### Prompt
Copy the data exactly as it appears, and do not include any pictures.
*** Dataset extract ***
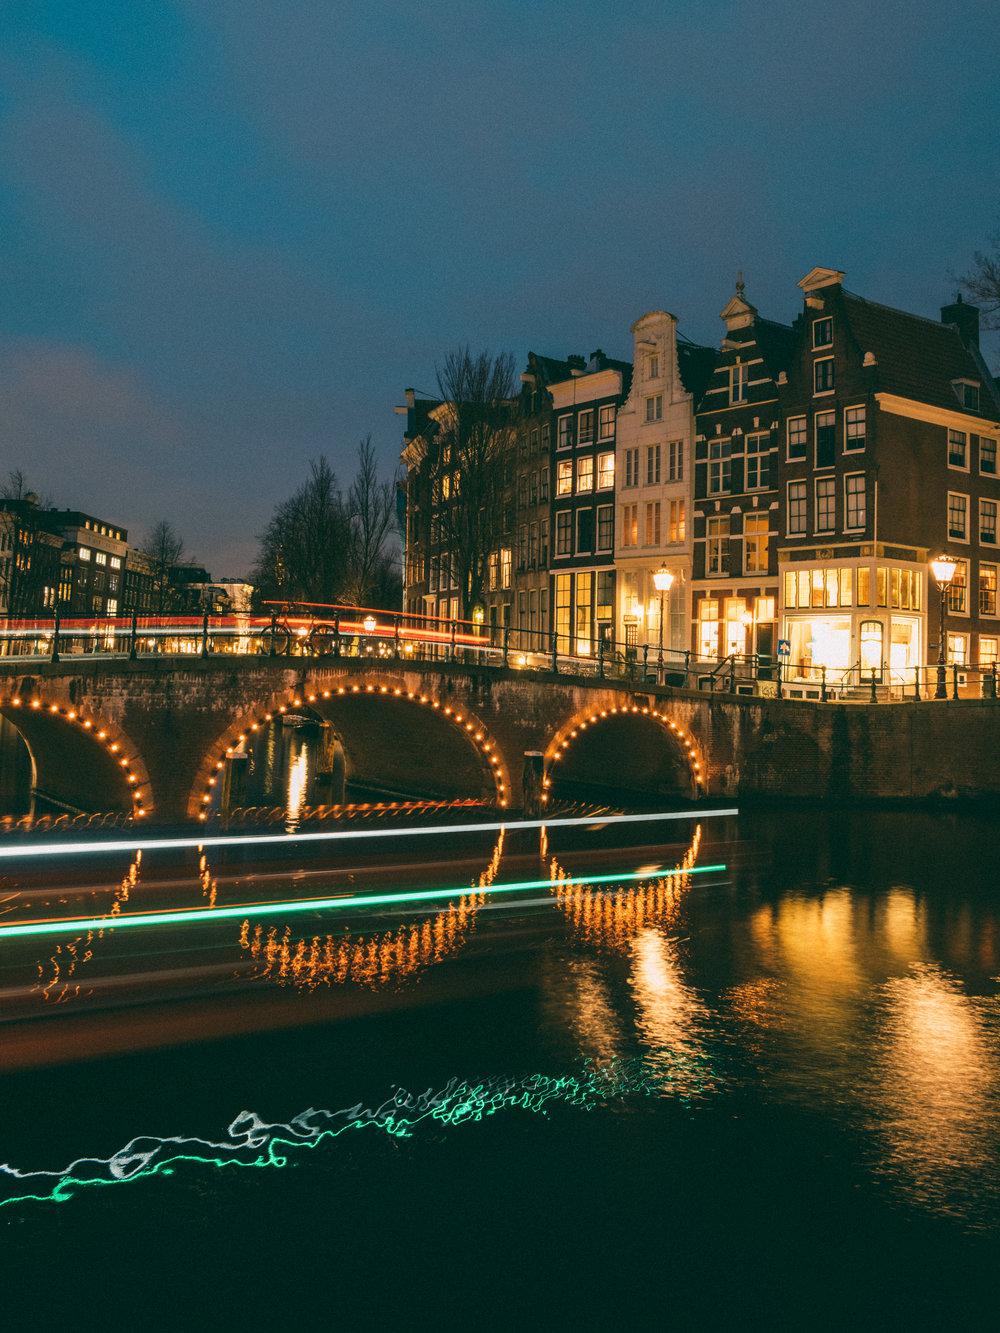 amsterdam-canal-bridge-long-exposure
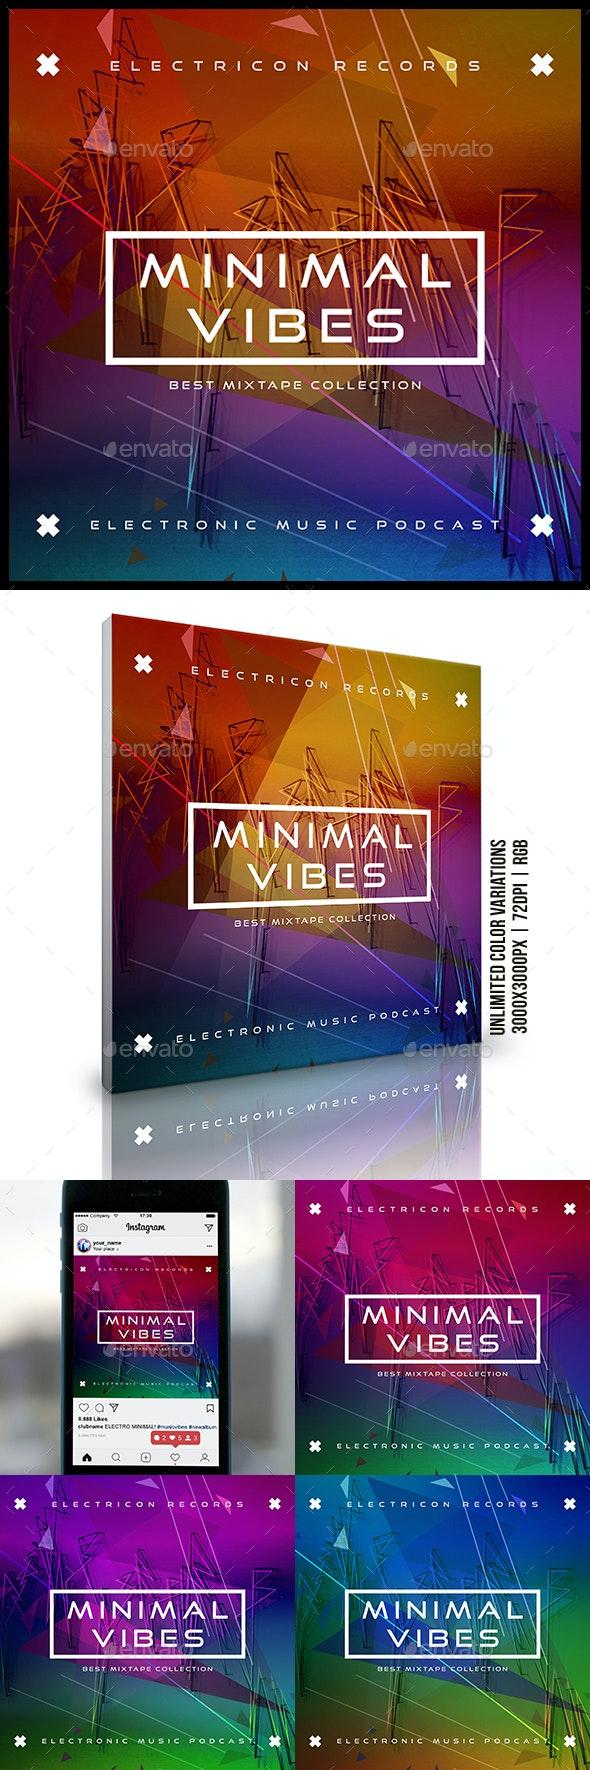 Minimal Vibes Electronic Music Album Cover Artwork Template - Miscellaneous Social Media
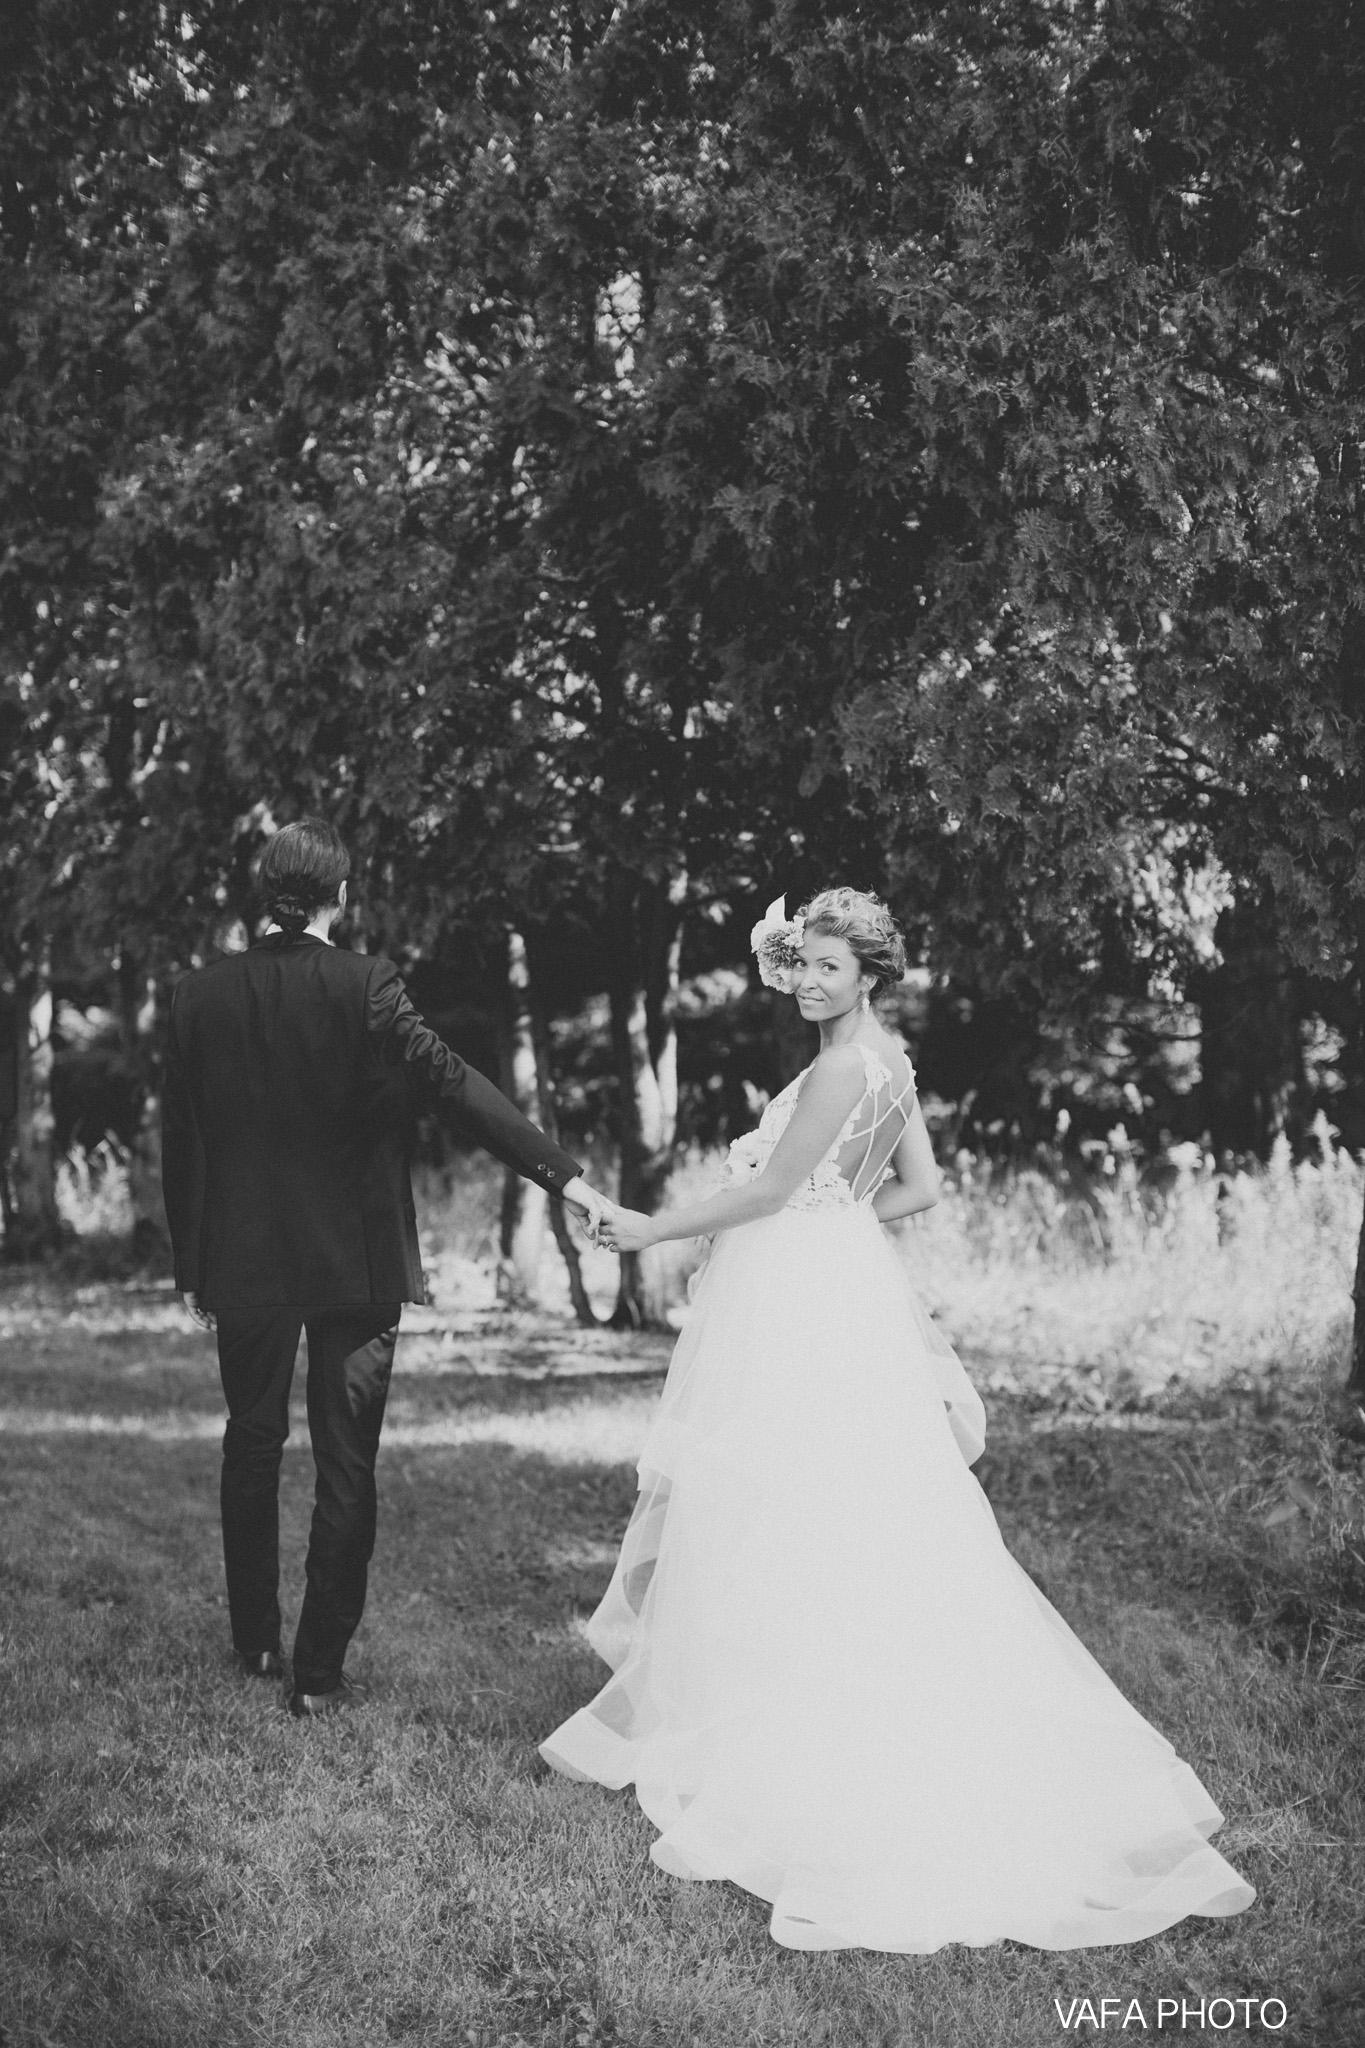 The-Felt-Estate-Wedding-Kailie-David-Vafa-Photo-624.jpg
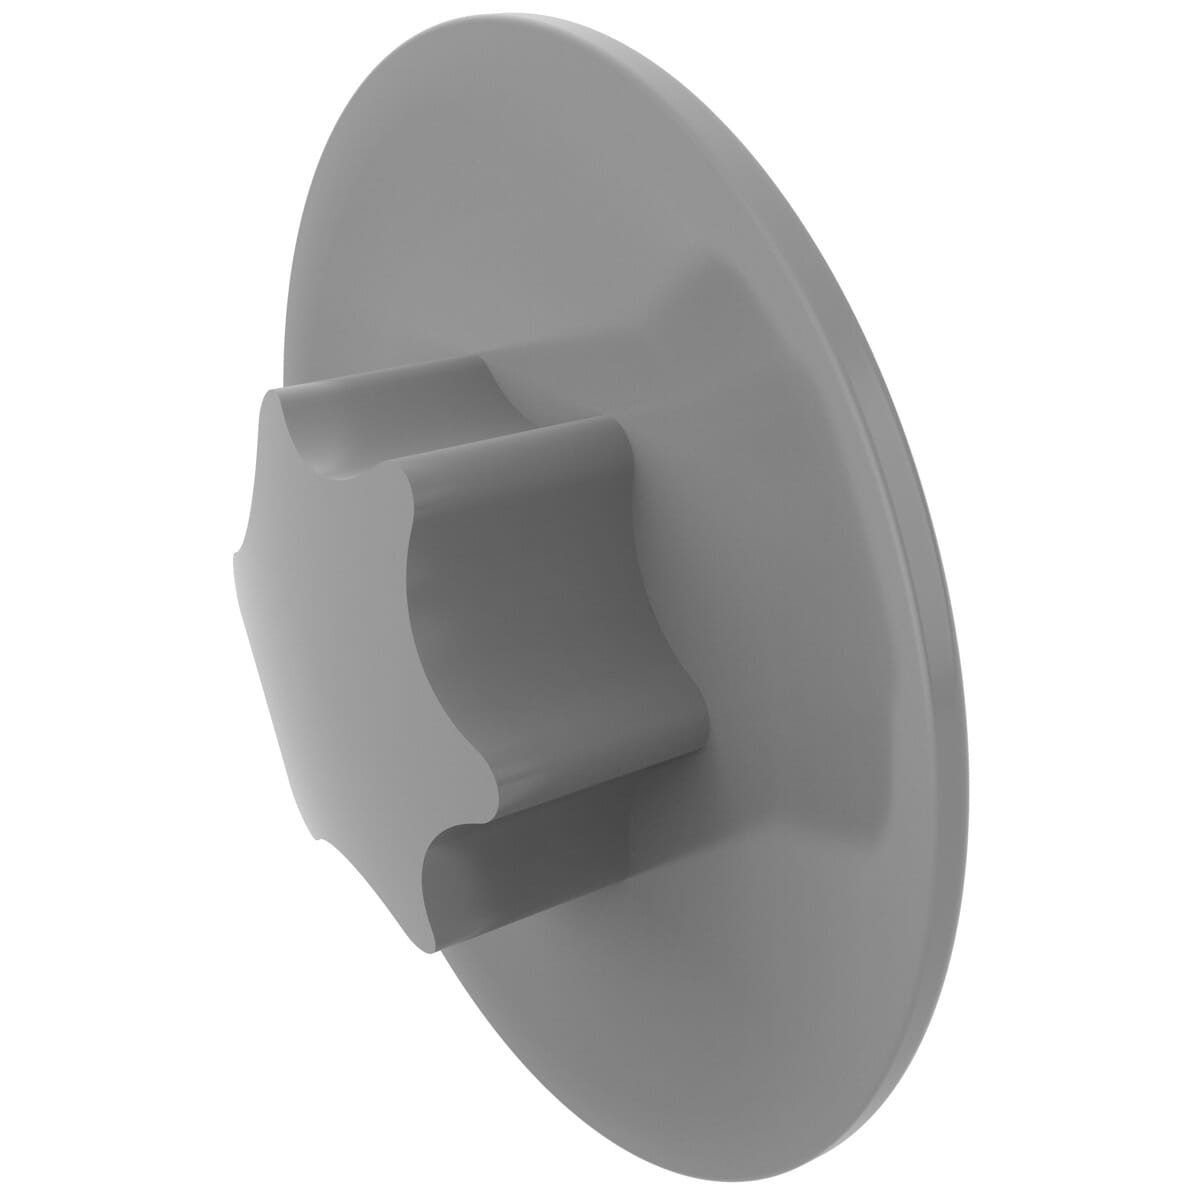 30 x 16.2mm Torx Screw Caps - Grey LDPE
*** End of Dataset extract ***
### Exercise answer
 amsterdam-canal-bridge-long-exposure
 Minimal Vibes Electronic Music Album Cover Artwork Template - Miscellaneous Social Media
 The-Felt-Estate-Wedding-Kailie-David-Vafa-Photo-624.jpg
 30 x 16.2mm Torx Screw Caps - Grey LDPE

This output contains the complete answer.